I am amused by this.


----------



## KalixWyntircat (Oct 7, 2009)

I hold to everything positive about T&E I said before. Must take back the analogy about the film Antichrist however, after having seen a pre-release stream of it online earlier today. That is one sick sick sick sick sick sick sick sick movie. Not that it's bad or lacking in artistry, I'm just going to have a hard time getting it out of my head. Six words: full frontal Willem Dafoe cumming blood.


----------



## pheonix (Oct 8, 2009)

I love Tom goes to the mayor and TAEASGJ! They piss people off so much and sometimes even scare children and old people. =D


----------



## Beta Link (Oct 8, 2009)

I do not like Tim & Eric at all.

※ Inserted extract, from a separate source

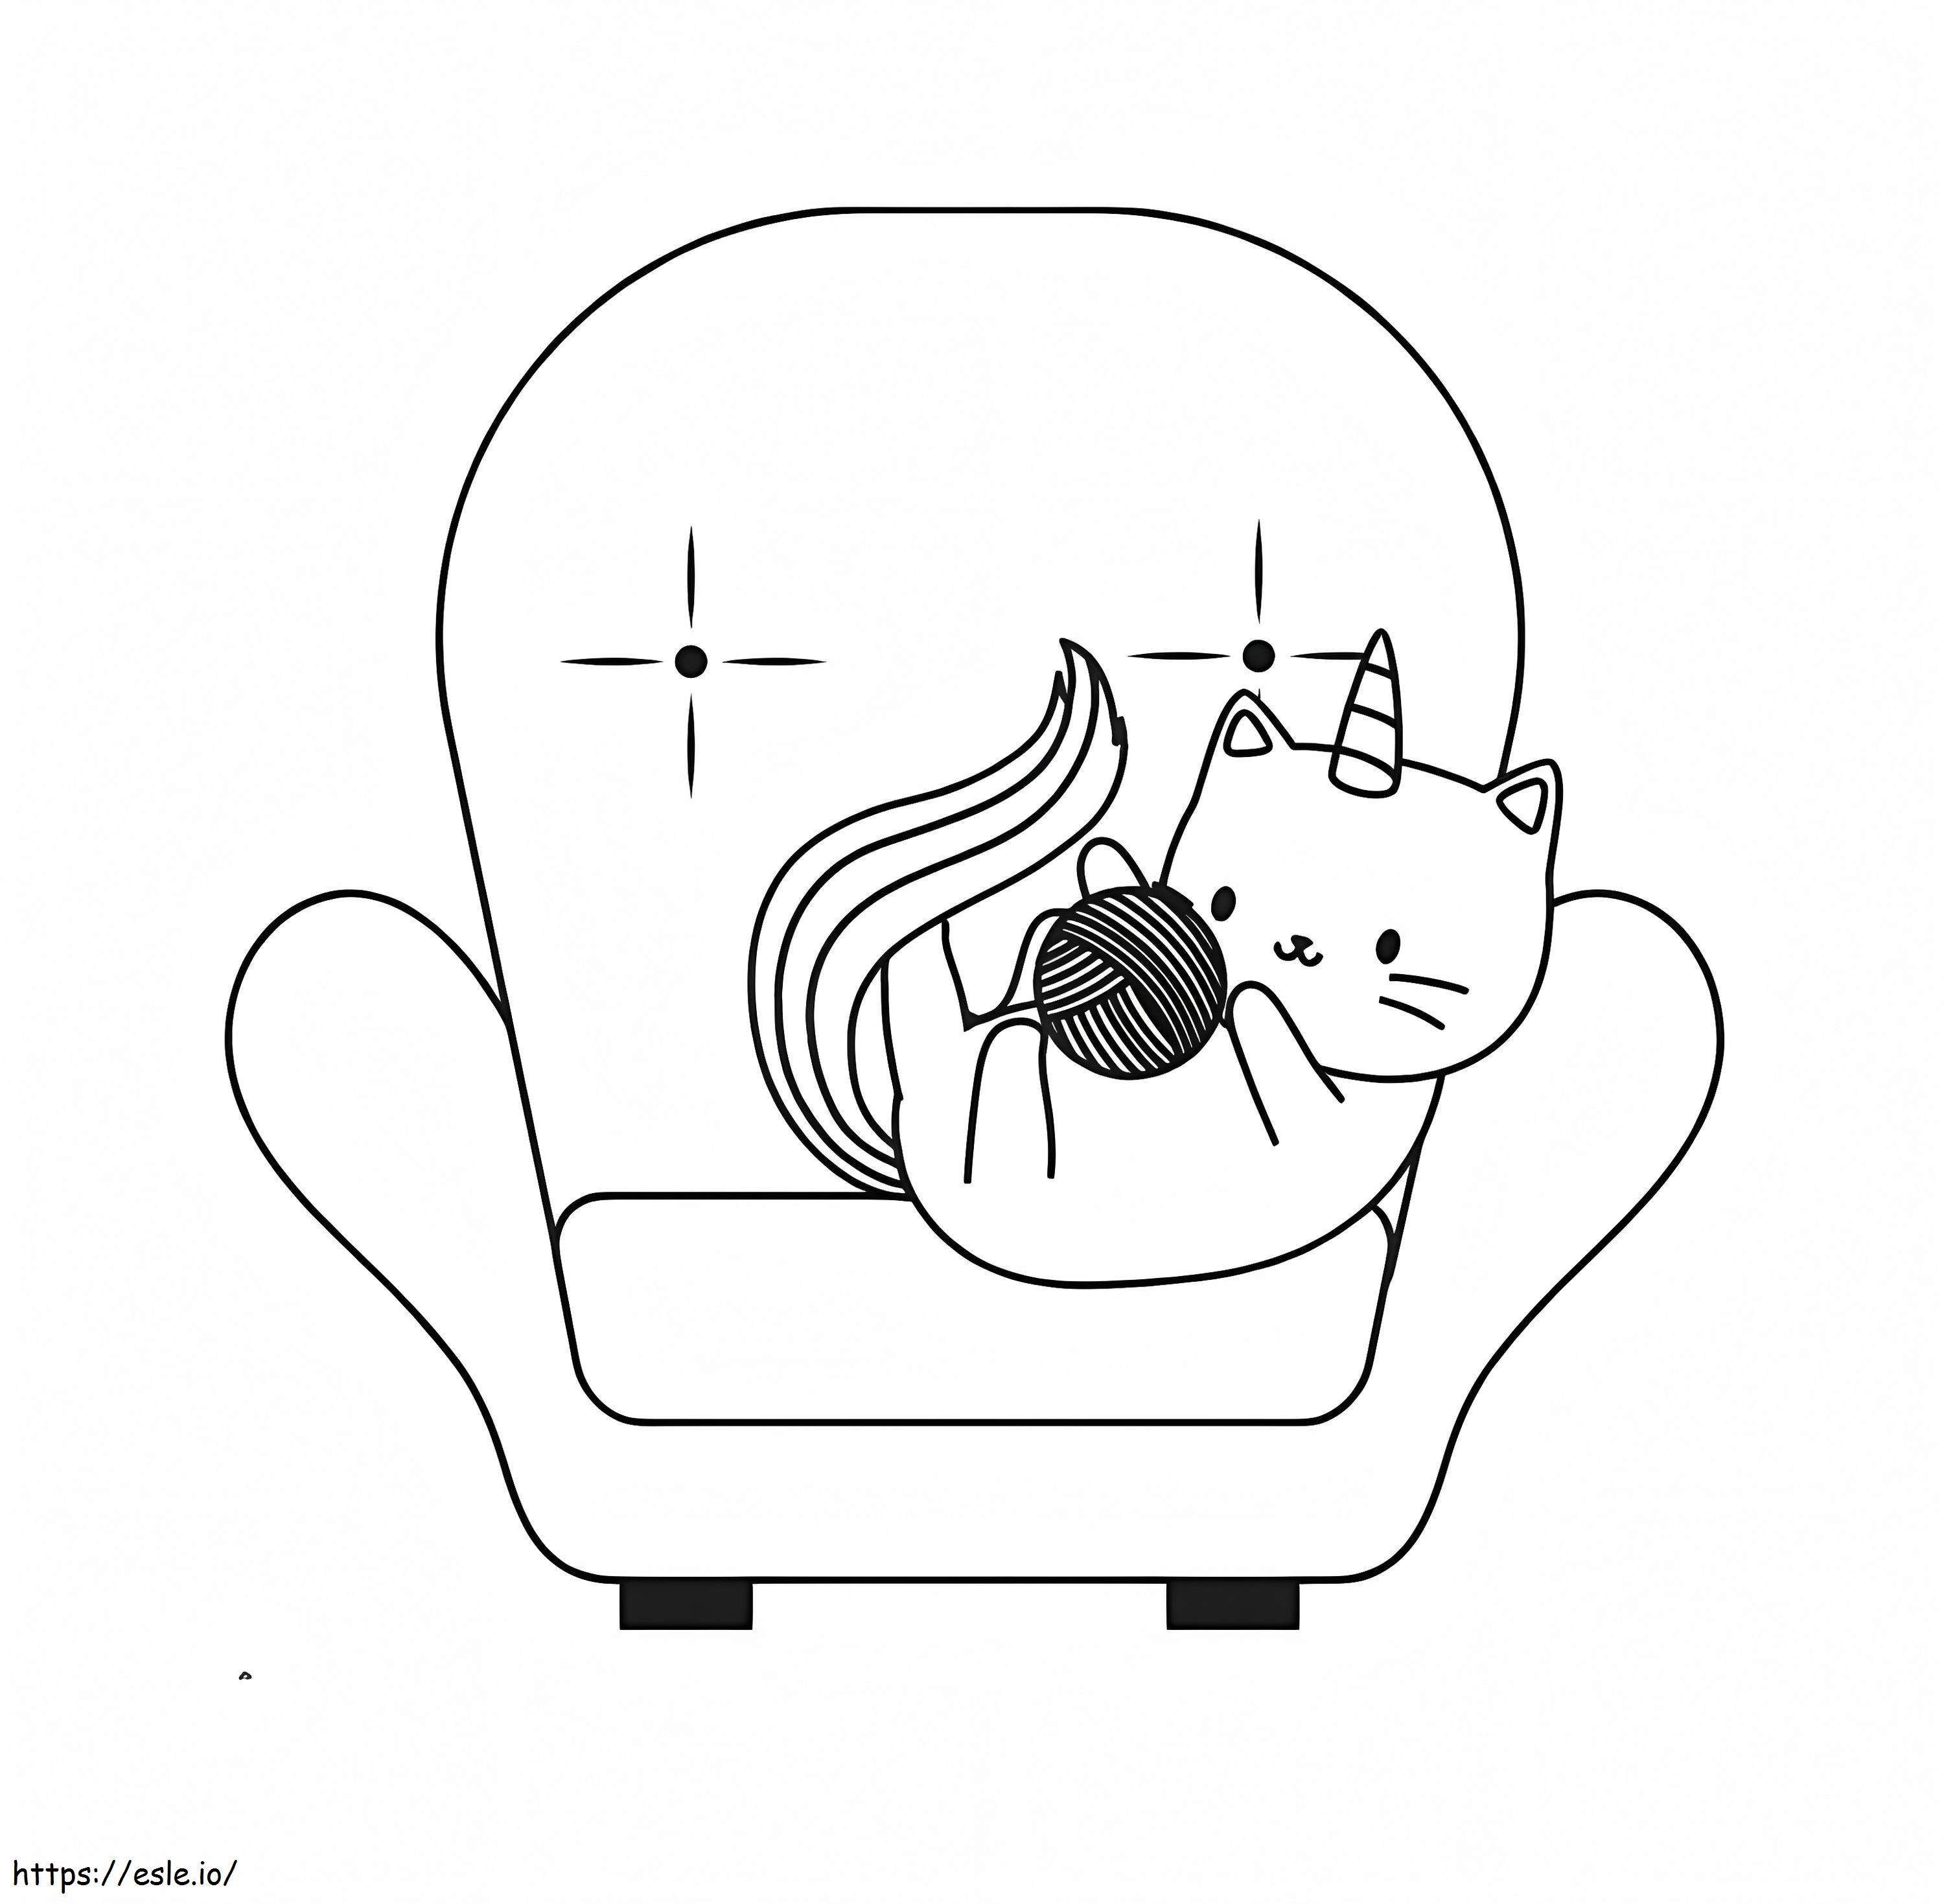 Einhornkatze auf einem Stuhl ausmalbilder

Awesome Show is one of the worst piles of televised shit I've ever seen.


----------



## Shindo (Oct 8, 2009)

B'owl


----------



## Kipple (Oct 8, 2009)

pep-pep and nana love b'owl


----------



## Shindo (Oct 8, 2009)

casey come to pep pep


----------



## Endless Humiliation (Oct 9, 2009)

seriously


fucking seriously


tim and eric awesome show is better than snl


"jon hamm's john ham"

that shit is fucking SAD


----------



## Captain Howdy (Oct 9, 2009)

My eyes...


----------



## Endless Humiliation (Oct 9, 2009)

IT'S NOT JACKIE CHAN!!!


----------



## Vintage (Oct 9, 2009)

yeah these guys are pretty great.  apparently they're also pretty good live too.  i really want to see these guys if they're in my area sometime.


----------



## Kipple (Oct 9, 2009)

Vintage said:


> yeah these guys are pretty great.  apparently they're also pretty good live too.  i really want to see these guys if they're in my area sometime.


I'd be really fucking thrilled to see them live, but I don't know if I'd pay money to have that happen in front of me.

Nah, fuck that, it's not as indefensible as paying to see Dane Cook or Fall Out Boy or some shit.

e: also, Vintage has the best signature. And Zach is the best person.


----------



## KalixWyntircat (Oct 9, 2009)

It helps if you still have a little bit of stool on your thoomb

GIBBONNNNNSSS

Rick a tick a tick tock tick tock tock


----------